Maverick Jetpants in the City of Quality
Page 7
The cashier scans our Gatorades. Mindy Fale looks at me, then Lip Cheese, and probably notices our reddened eyes and our pre-hangover sniffles.
“What were you up to last night?” she says.
And so I say—My One Asterisk: “More like, what was Lip Cheese up to?” Like I’m amazed and annoyed at him. “Coco Ferguson, Mustache Express, this kid. A celebrity sex tape waiting to happen.”
Lip Cheese pays for our Gatorades. We all three of us walk outside, where there’s a lone set of tire tracks, going all the way diagonally across the parking-lot slush. Mindy Fale walks toward her car, a white Civic with no wheel covers.
“Well, if you’re going to be a tape,” she says, half-grinning at Lip Cheese a little. “Might as well be a—” She waves, grocery bag swinging around her arm.
After she drives off, though, look at Lip Cheese, trying not to smile. That’s the asterisk, My One Asterisk, that I’ve tacked on to him.
“But since I’m not going to tell anyone what happened at that girl’s apartment, you need to do something for me, Lip Cheese,” I say.
“Sure Nate! Anything!”
“Since Necro still for whatever reason talks to you, you need to follow him around, do some Ninja Recon.”
“But why?” he says, ladling it on like Sadness Molassness.
“To give him shit for NecronicA, Lip Cheese! For acting like the Colonel Hellstache Unabomber. Just, you know, to find something Uncomebackable, that’s all. Maybe there’s something weird in his browser history, I don’t know.”
Lip Cheese frowns like a toy soldier, head tilted the way dogs do when they can sense something’s wrong with you.
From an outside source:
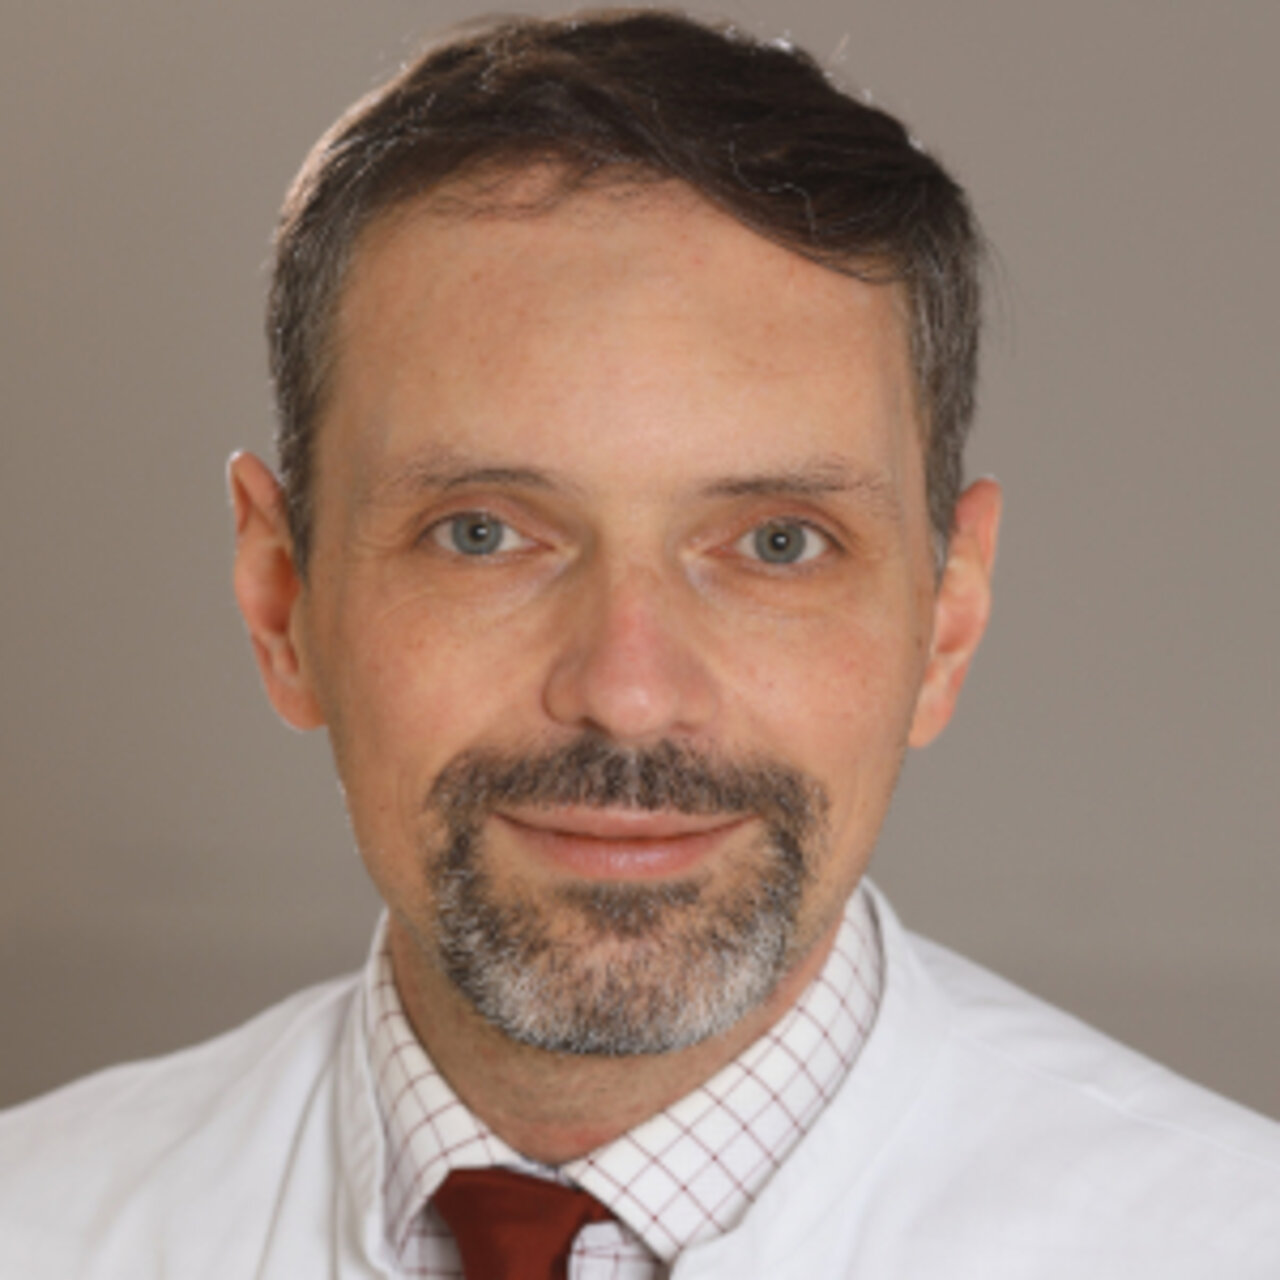 PD Dr. med. Christian Arsov - Spezialist Prostatakrebs - Portrait
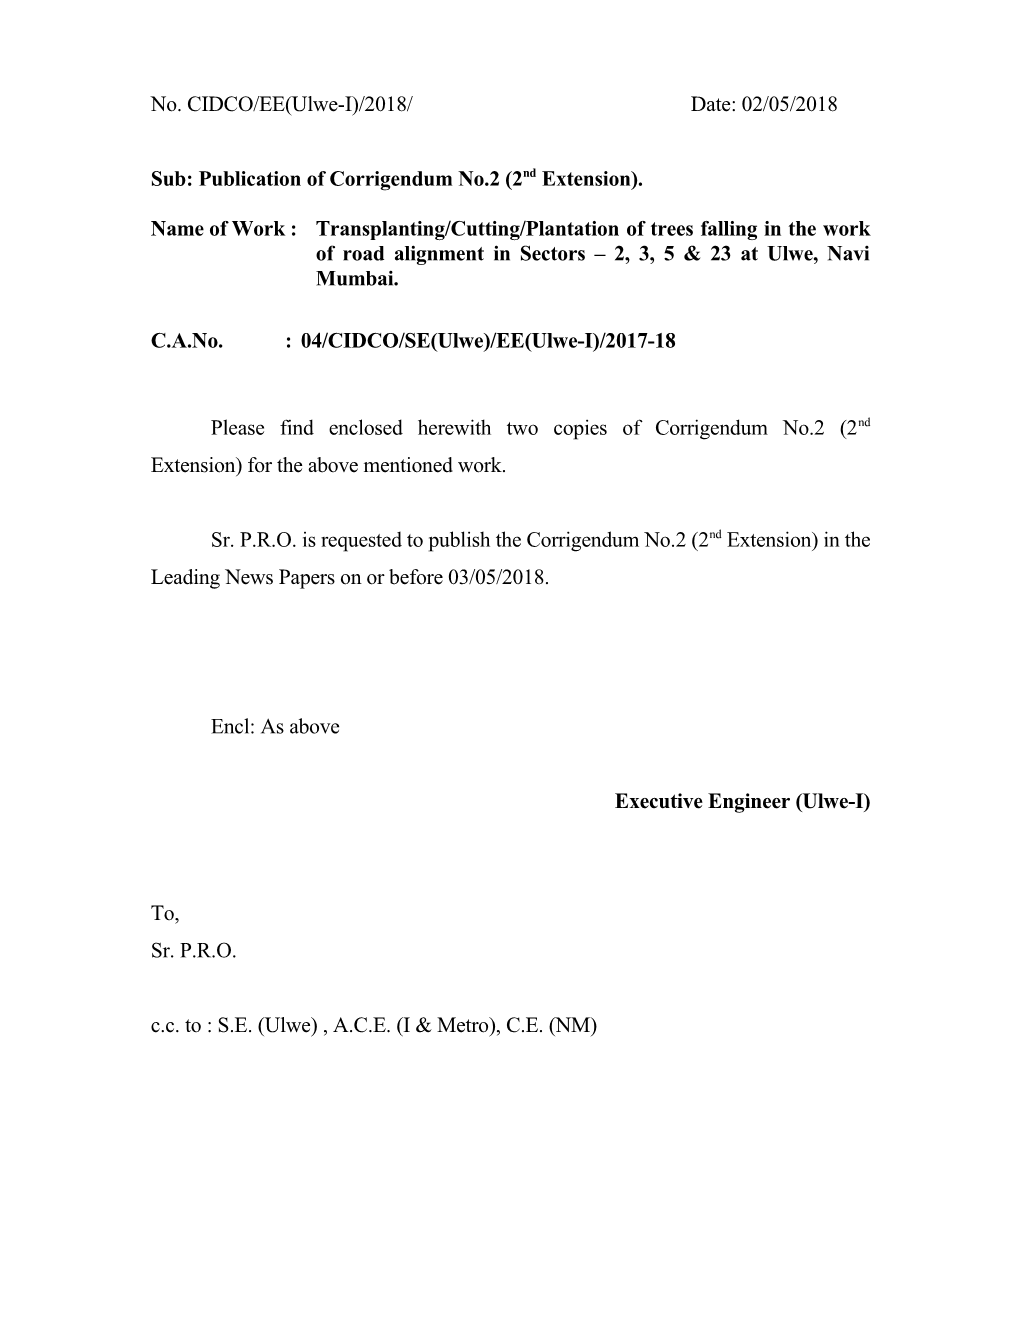 Sub: Publication of Corrigendum No.2 (2Ndextension)

“The kid practically set you on fire in a painting, Lip Cheese,” I say. “You want to spend the rest of your life being everybody else’s Washcloth Master? ‘I’m Jeffrey Dahmer?’ Think with your head once in your life.”
NO! GARRETT ALFIERI RETURNS!
Real Dad sits on a pastel loveseat, which came with his room, resting one foot on a plastic Lego-filled storage bin that he’s using as a coffee table. His Stray Cats leather jacket straddles the loveseat’s right armrest, sleeves dangling, and the sun in the window turns his stray balding-ponytail hair into lightbulb filament. The rip in his jeans is big enough for his entire knee to fit through.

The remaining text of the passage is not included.